In cases where HER2 Grading presents an uncertain score, particularly for 2+ results requiring FISH tests, AI can help reduce ambiguities by detecting positive cells more quickly and accurately. This could, in some instances, avoid additional examinations and thus accelerate diagnosis timelines. However, internal validation of the algorithm by laboratories is crucial to ensure this effectiveness.
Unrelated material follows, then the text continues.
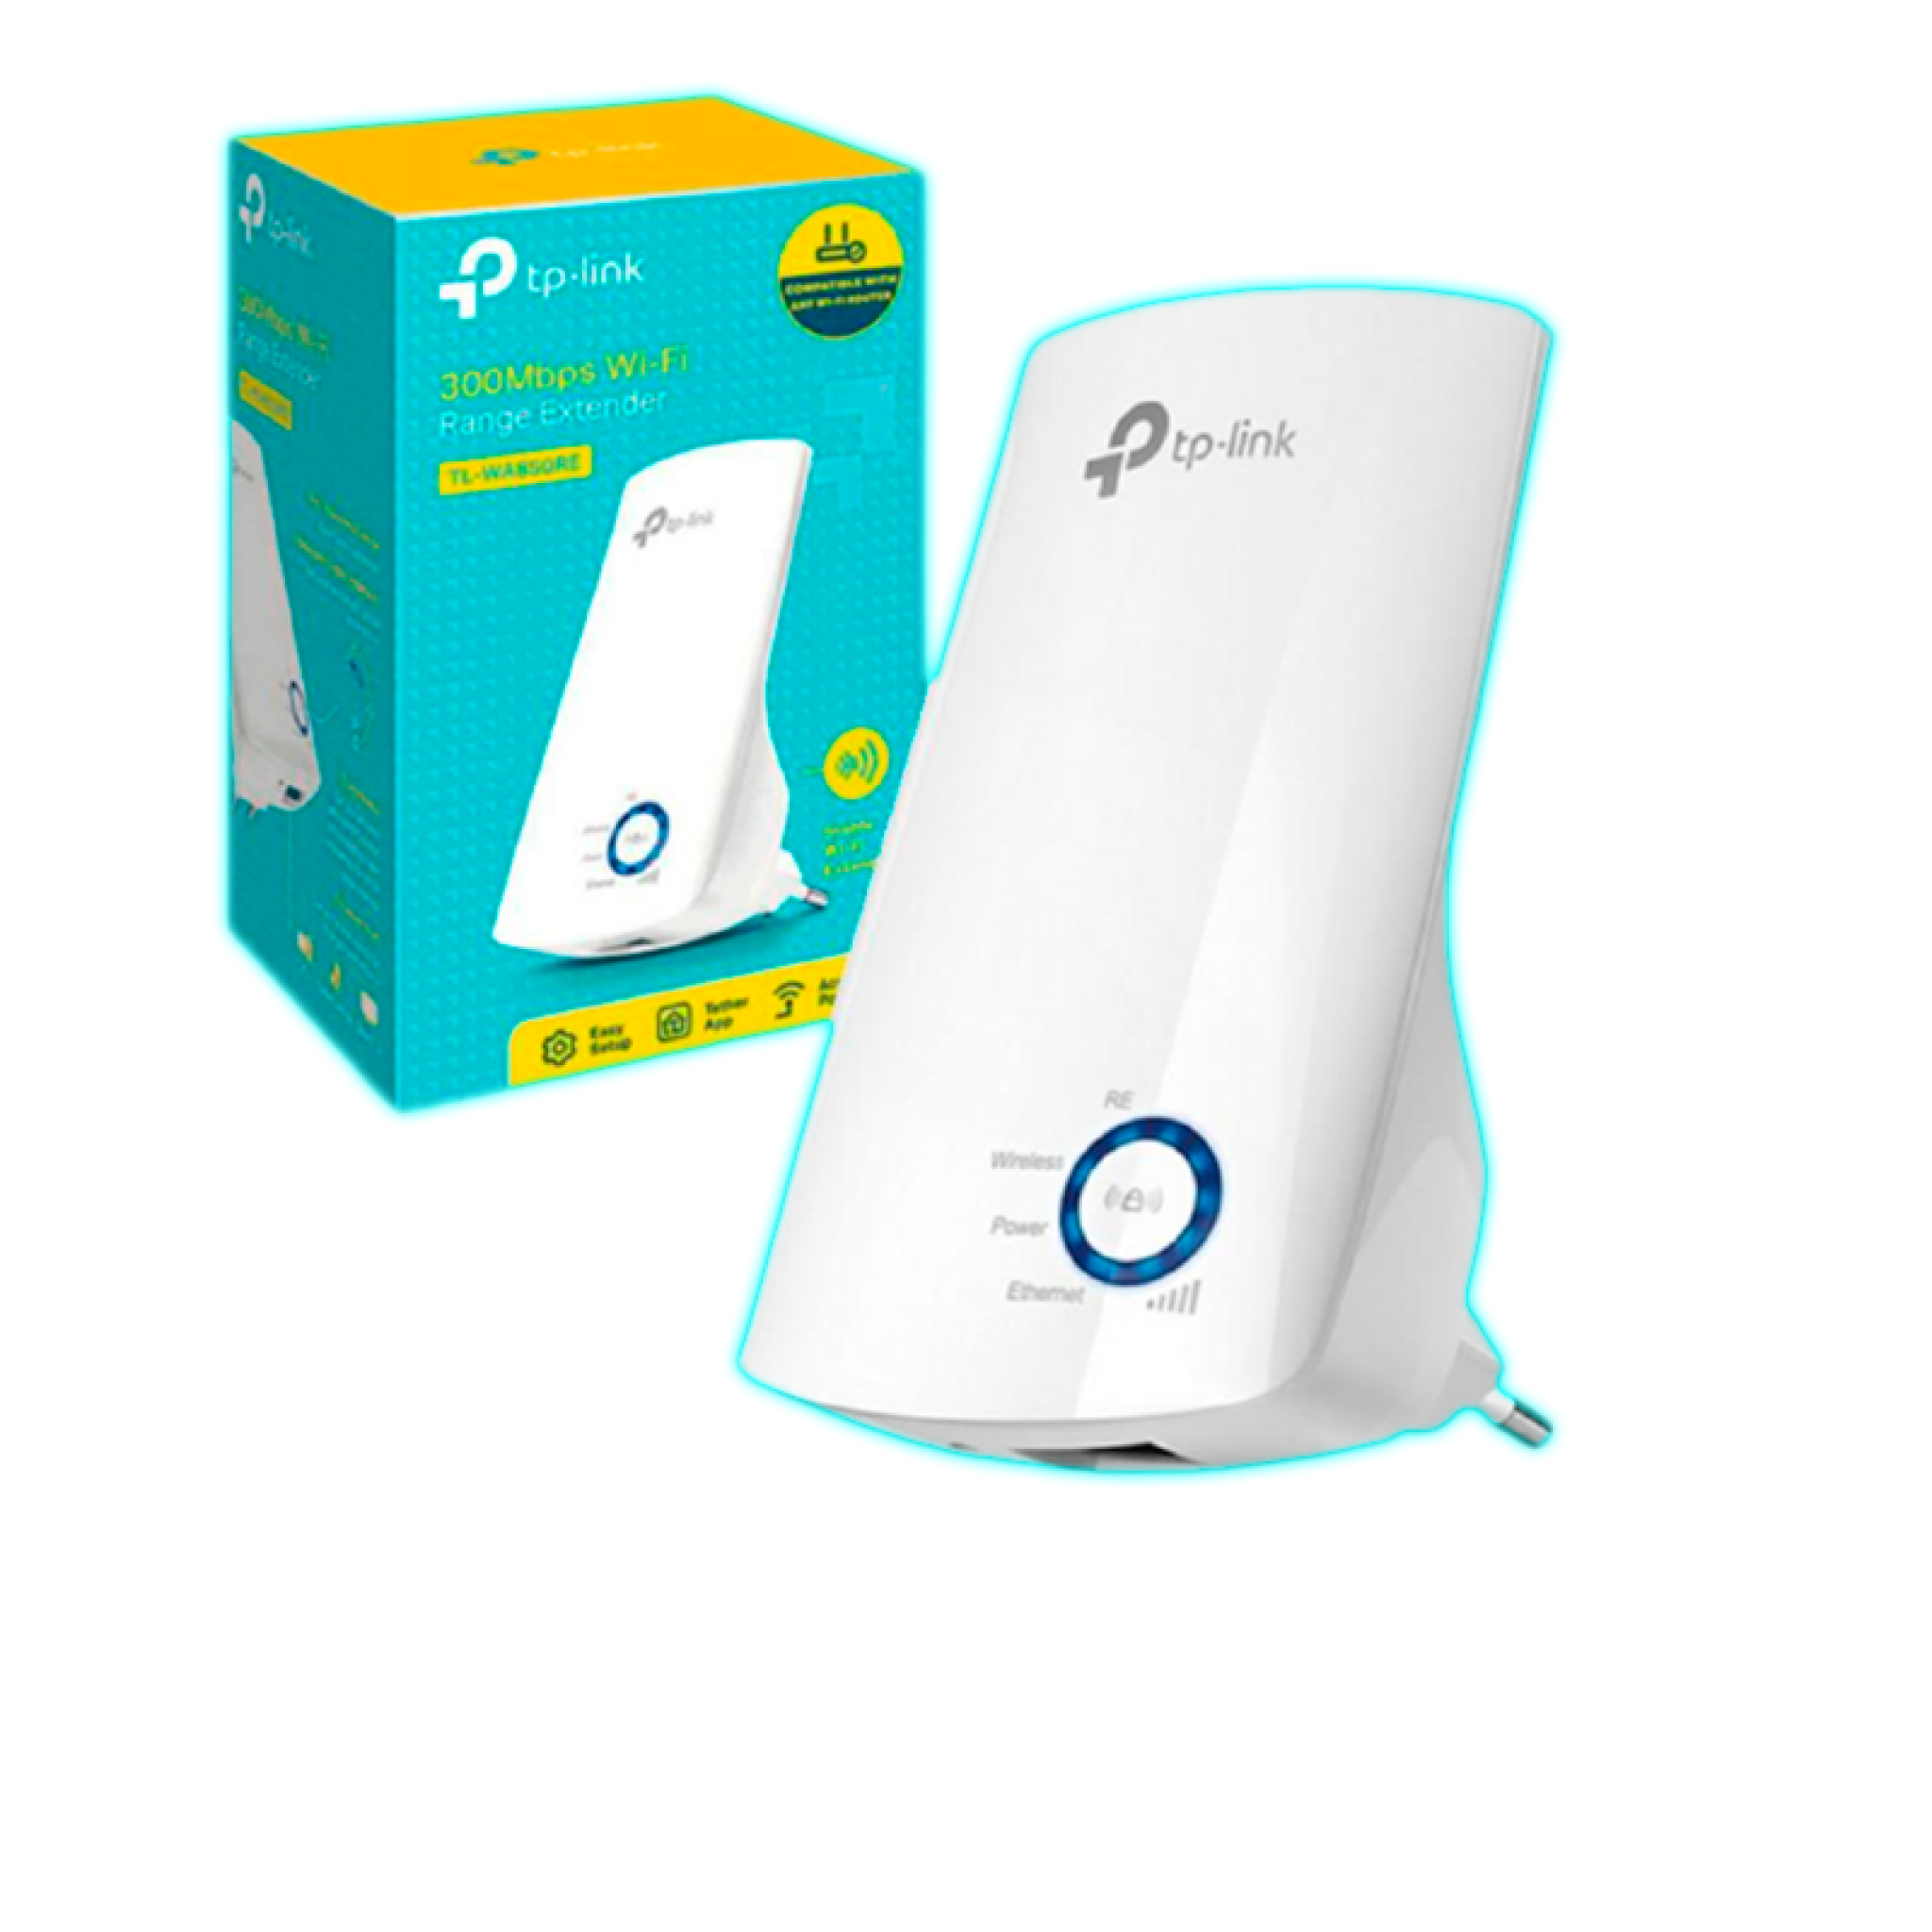 REPETIDOR WIFI 300MBPS TP-LINK TL-WA850RE :: Serial Center

3. Increased Precision in Analyzing Cell Staining

If well-calibrated, the algorithm can also offer increased precision in counting marked cells, particularly in borderline cases. Unlike human analysis, AI is not limited by subjective criteria and can count each cell meticulously. This capability of AI could be particularly useful for establishing a low or ultra-low HER2 grading.

4. Workflow Optimization and Training

Despite these benefits, integrating AI into daily practice presents challenges, particularly regarding costs and adaptation to existing laboratory workflows. A digital transformation will also need to occur. Pathologists will need specific training to use these tools effectively. Furthermore, the chosen algorithm must be carefully validated internally to ensure its reliability compared to traditional methods.

AI and HER2 Grading Diagnosis: Future Perspectives 

In the long term, AI could fundamentally transform pathology practice, including HER2 status classification. With proper training and rigorous validation, these technologies can provide improved precision, reproducibility, and diagnostic quality while accelerating patient care processes. For difficult-to-determine scores, such as low and ultra-low, AI could have a significant impact. Over time, AI may not only assist pathologists but also potentially automate certain diagnostic steps entirely.

Conclusion

In conclusion, AI through diagnostic support algorithms, promises to significantly improve HER2 status evaluation. Breast cancer diagnostics are heading toward greater automation, enabling standardized practices, faster and more reproducible diagnoses, and ultimately better patient care.